October 30, 1988 | First Presbyterian Church Orlando | I Corinthians 15:3-11

The Apostle Paul was a genius. Indeed, he was so much of a genius that I am convinced that even if he had not become a Christian, still we would know of him and of his thought today. Such a magnificent intelligence and such a powerful personality inevitably would have left its mark upon the ages. We frequently hear Paul set forth as the example of missionary service, or the example of sound theology, or the example of effective evangelism, or the example of superb teaching.
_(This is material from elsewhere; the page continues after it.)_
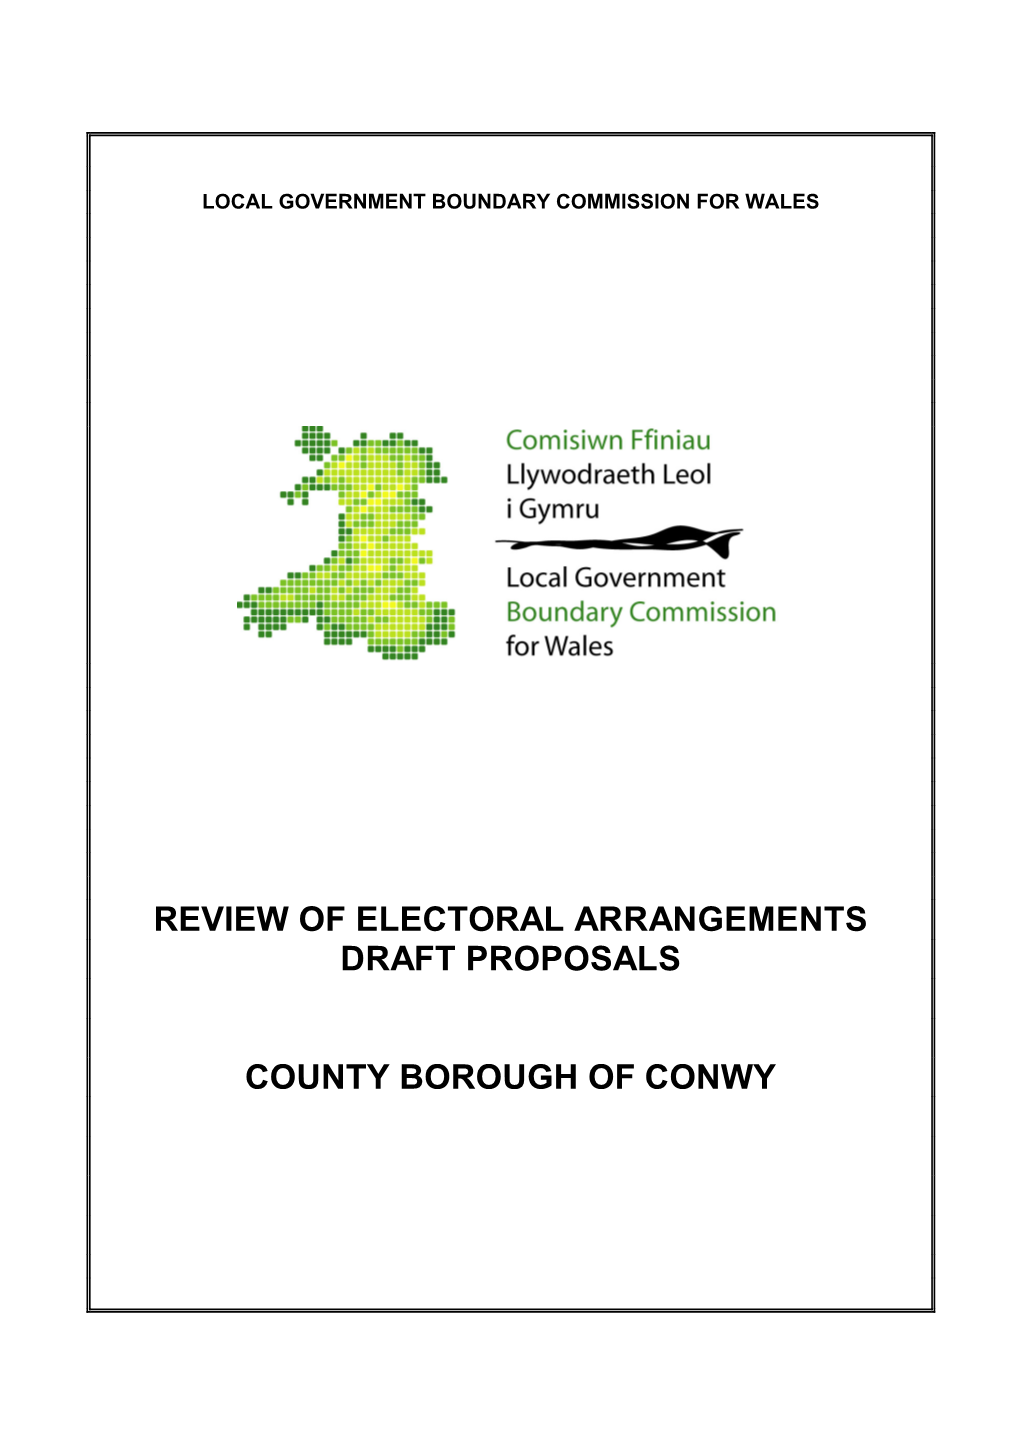 Review of Electoral Arrangements Draft Proposals

However, today, I would like for us to think of Paul as a shining example of Christian love.

Of course, we have to admit that we have cheapened the word “love” by our use of it. We use it so frequently, so casually, or so erroneously that many times the word is counterfeit. We say, for example, “I love brussel sprouts.” (Frankly, I regard that as a contradiction in terms!) Or we say, “I love my car.” (We forget that one cannot love an inanimate object.) Or we say, “I’d love to knock your block off.” (We turn a very positive word into something profoundly negative.) Yes, let’s be honest enough to admit that the word “love” has been robbed of much of its meaning in our time.
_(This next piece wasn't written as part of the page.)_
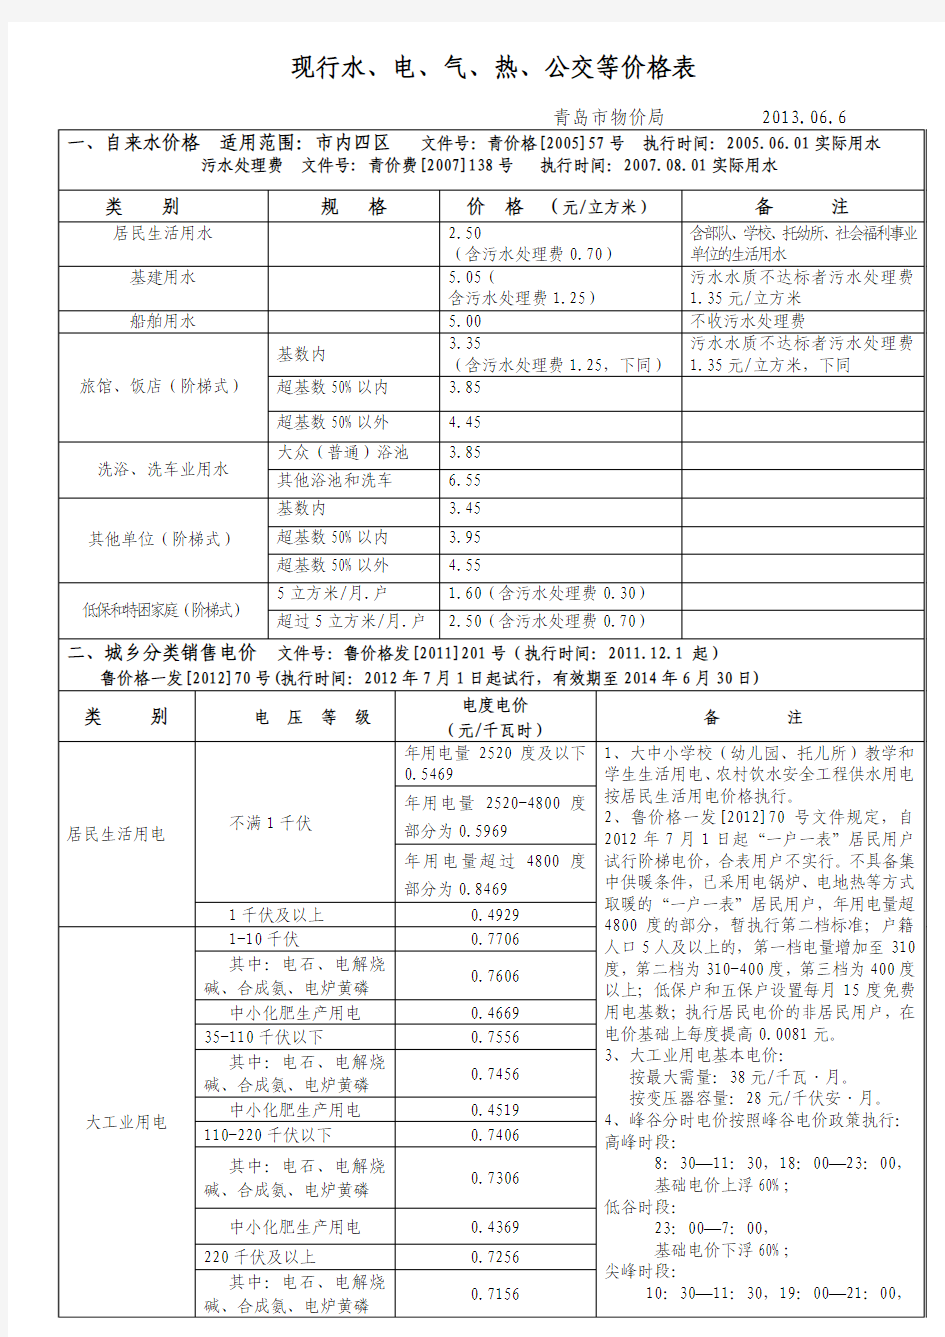 青岛市现行水、电、气、热、公交等价格表(青岛市物价局2013.6.6发布)

However, I believe that the experience of the great Apostle Paul may help us to recapture some of the meaning of that marvelous word “love.” Here is what I mean…

In the first place, Paul is an example of Christian love because he accepted God’s grace.

He says in 1 Corinthians 15, “By the grace of God, I am what I am.” In order to grasp the full meaning of those words, we need to understand the context in which they were written. The Corinthian church was broken apart by a number of discords and arguments which were important, but which we do not have time to analyze today. In any case, Paul wrote this letter in an attempt to straighten out some of those problems, and, in order to establish his authority to speak to those matters, he described how he came to be an apostle. He pointed out that after Jesus was raised from the dead, He appeared first to Cephas (we commonly call Cephas, Peter). Jesus sought out Peter. Remember, please, that Peter was the one who had denied Christ—not once, not twice, but three times. It is a beautiful thing to think that Jesus, after He came back from death to life in all of His risen glory, would seek out the very one who had specifically and deliberately denied Him. He was more concerned about the hurt in Peter than He was about the hurt in Himself which had been caused by Peter. That is grace.

Then Paul went on to say that Jesus appeared also to James. Now James was the brother of Jesus. You will remember that in the Gospel of John we are told that James scorned Jesus, and in Mark, it says that James tried to keep Jesus from going into His ministry. So here Paul tells us that the resurrected Lord went to one who had called Him “crazy,” and who had tried to prevent Him from fulfilling His mission for God. James had sinned against Jesus, yet Jesus sought him out and blessed him with His presence. That is grace.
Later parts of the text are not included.